## TASK DIRECTIONS:
Please give back each line of the material unchanged, but without the images.
DATA EXTRACT START
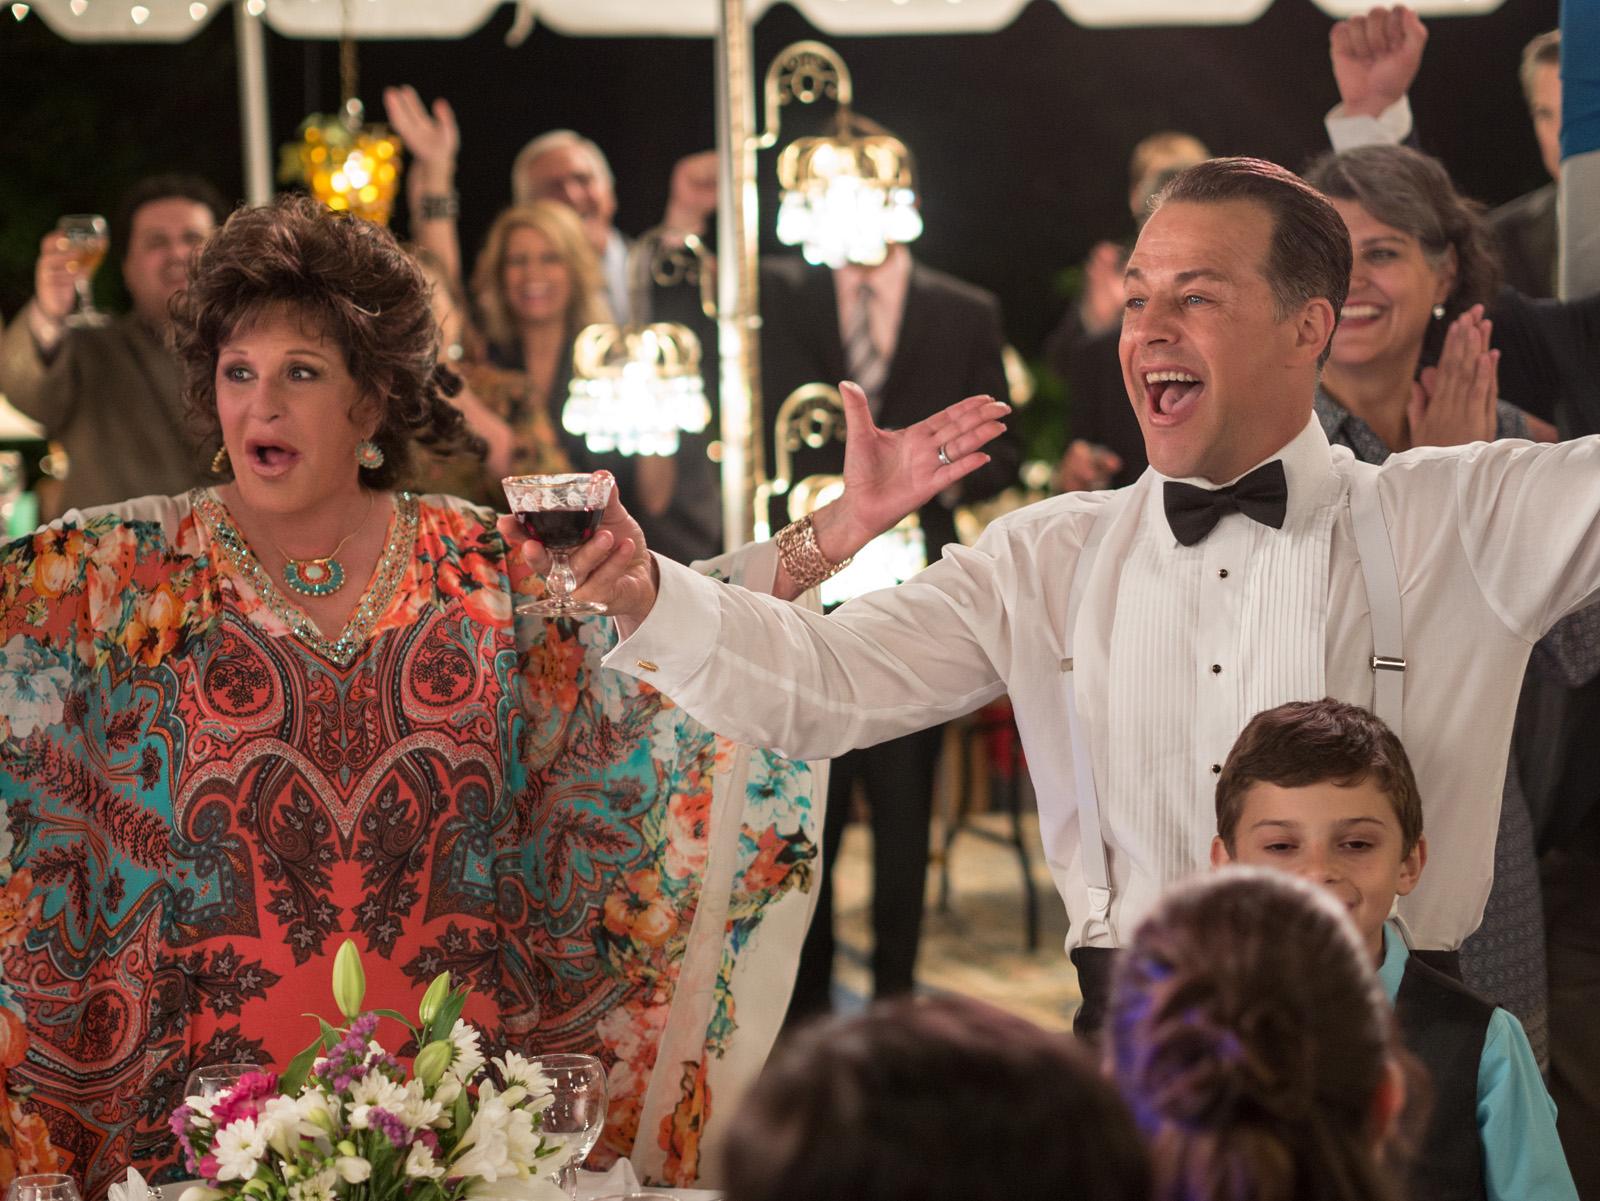 Mariage à la grecque 2 DVDRip
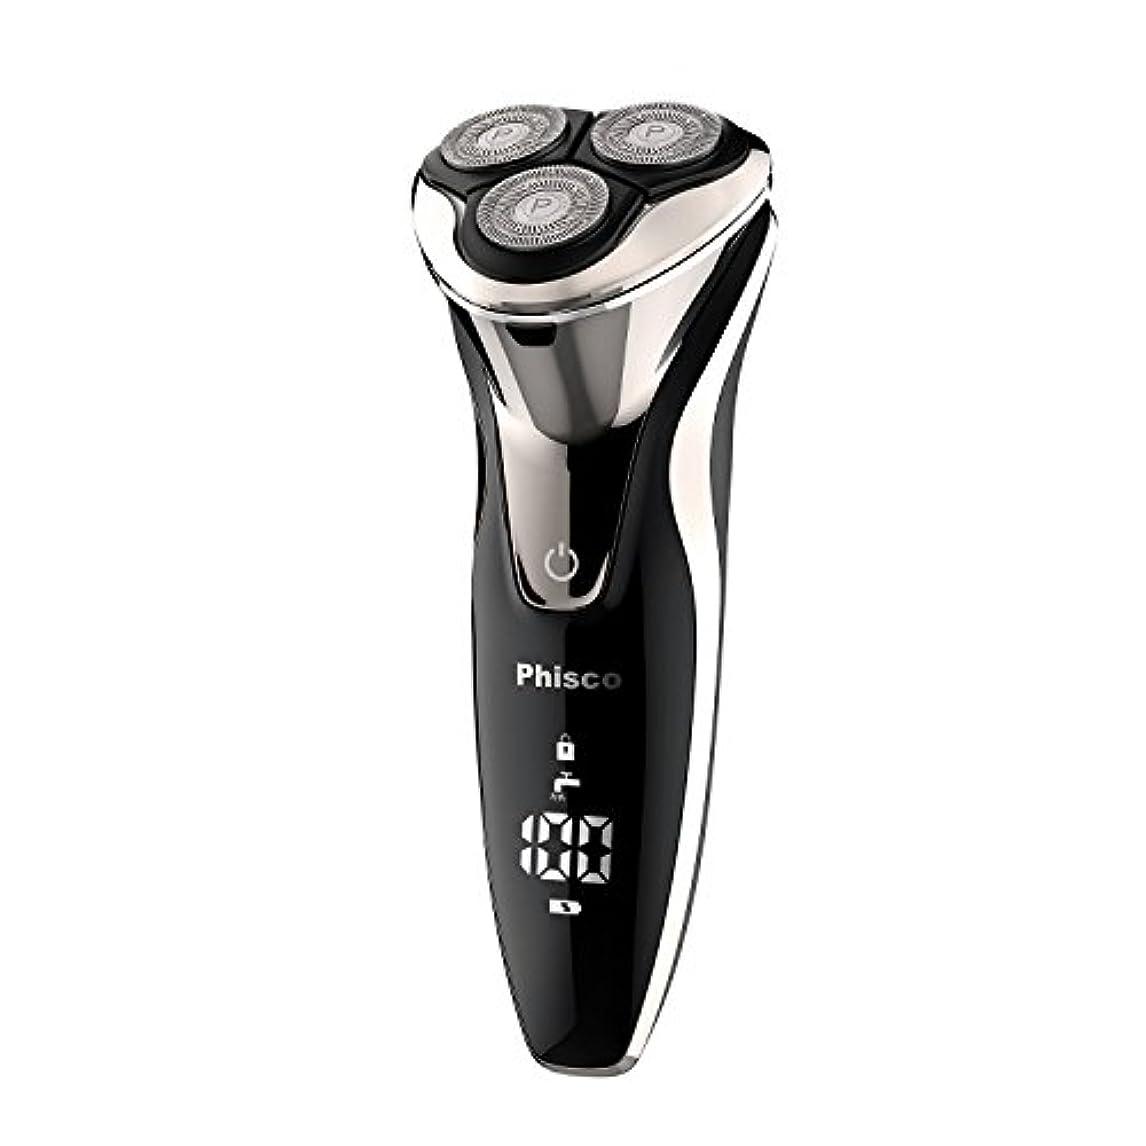 メドレーマインドフル乱れ急速充電&長持ちbattery - 1時間充電120分までシェービング時間(約30削りくず)、2分間単一毛剃り用の急速充電、リチウムイオン電池を用いて、より長い剃ることができます
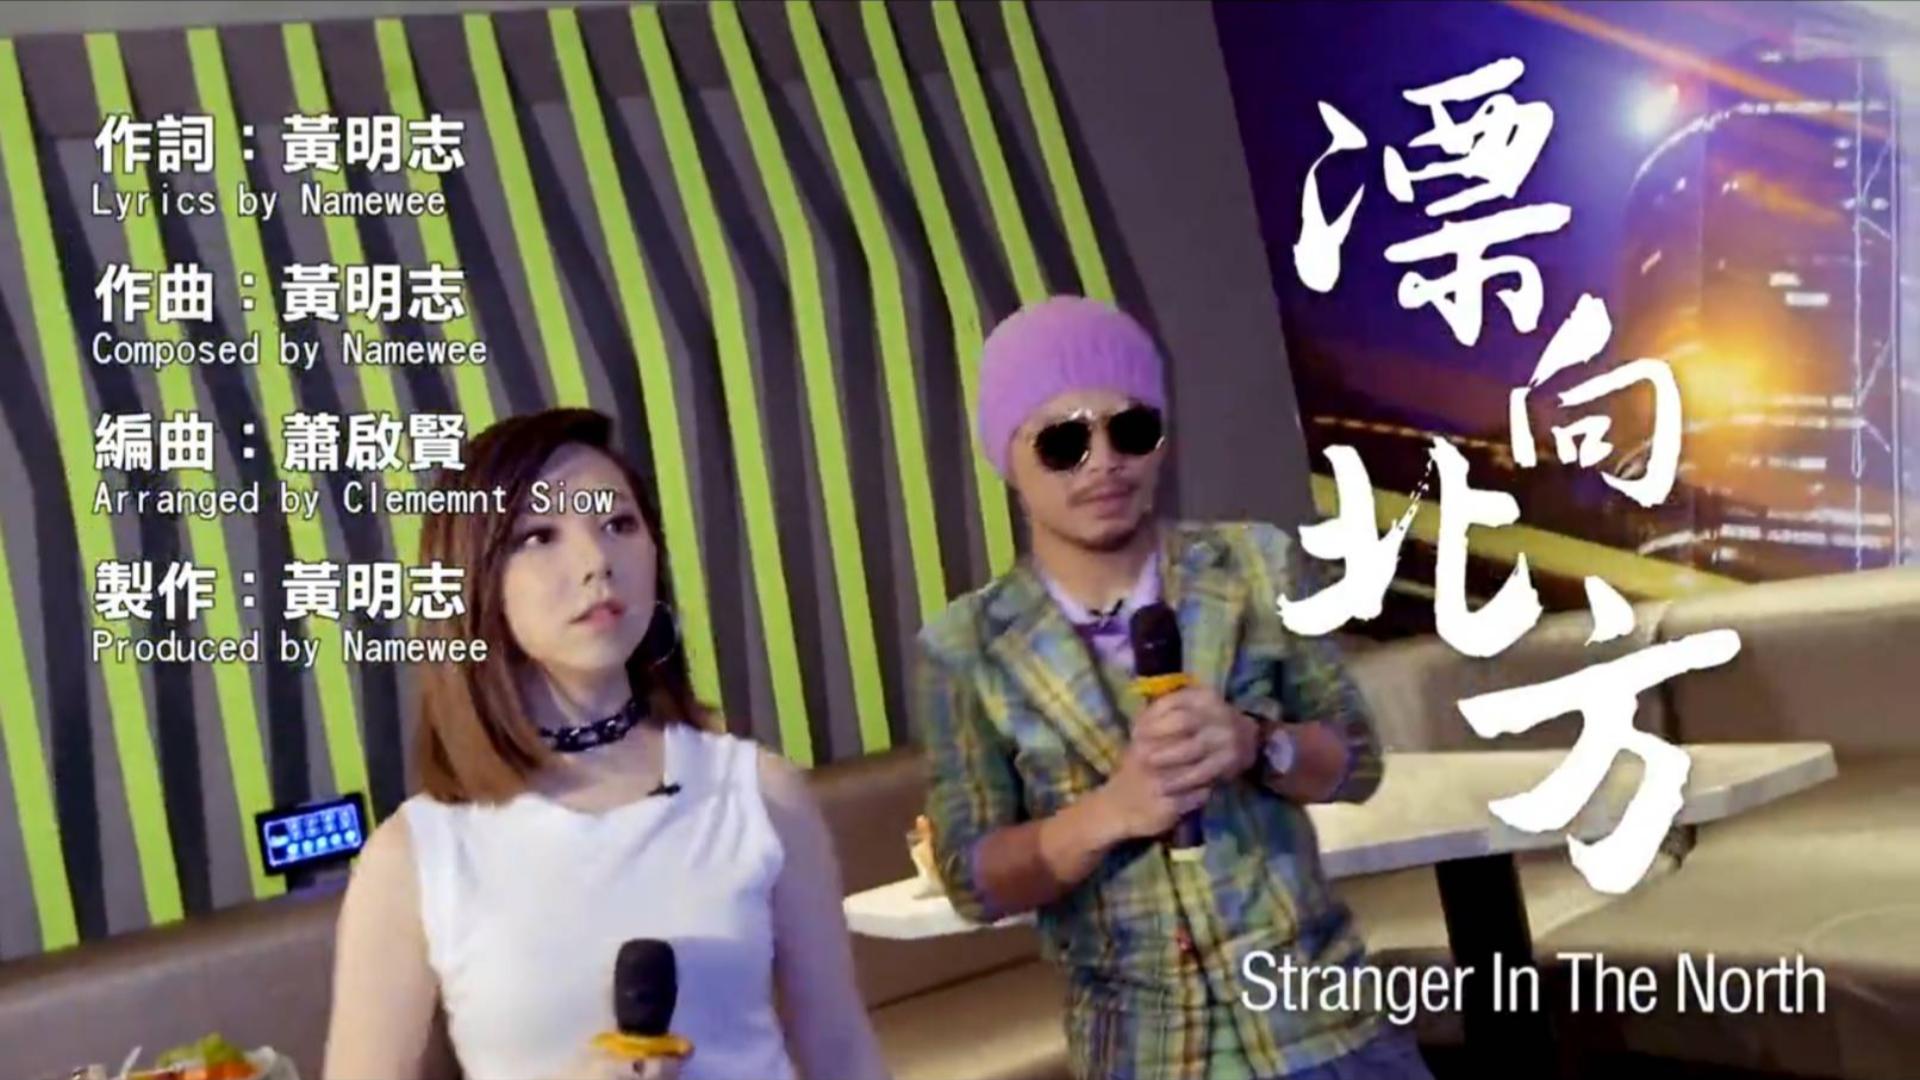 邓紫棋&黄明志 - 飘向北方
DATA EXTRACT END
## SOLUTION TO THIS PROBLEM:
 Mariage à la grecque 2 DVDRip
 メドレーマインドフル乱れ急速充電&長持ちbattery - 1時間充電120分までシェービング時間(約30削りくず)、2分間単一毛剃り用の急速充電、リチウムイオン電池を用いて、より長い剃ることができます
 邓紫棋&黄明志 - 飘向北方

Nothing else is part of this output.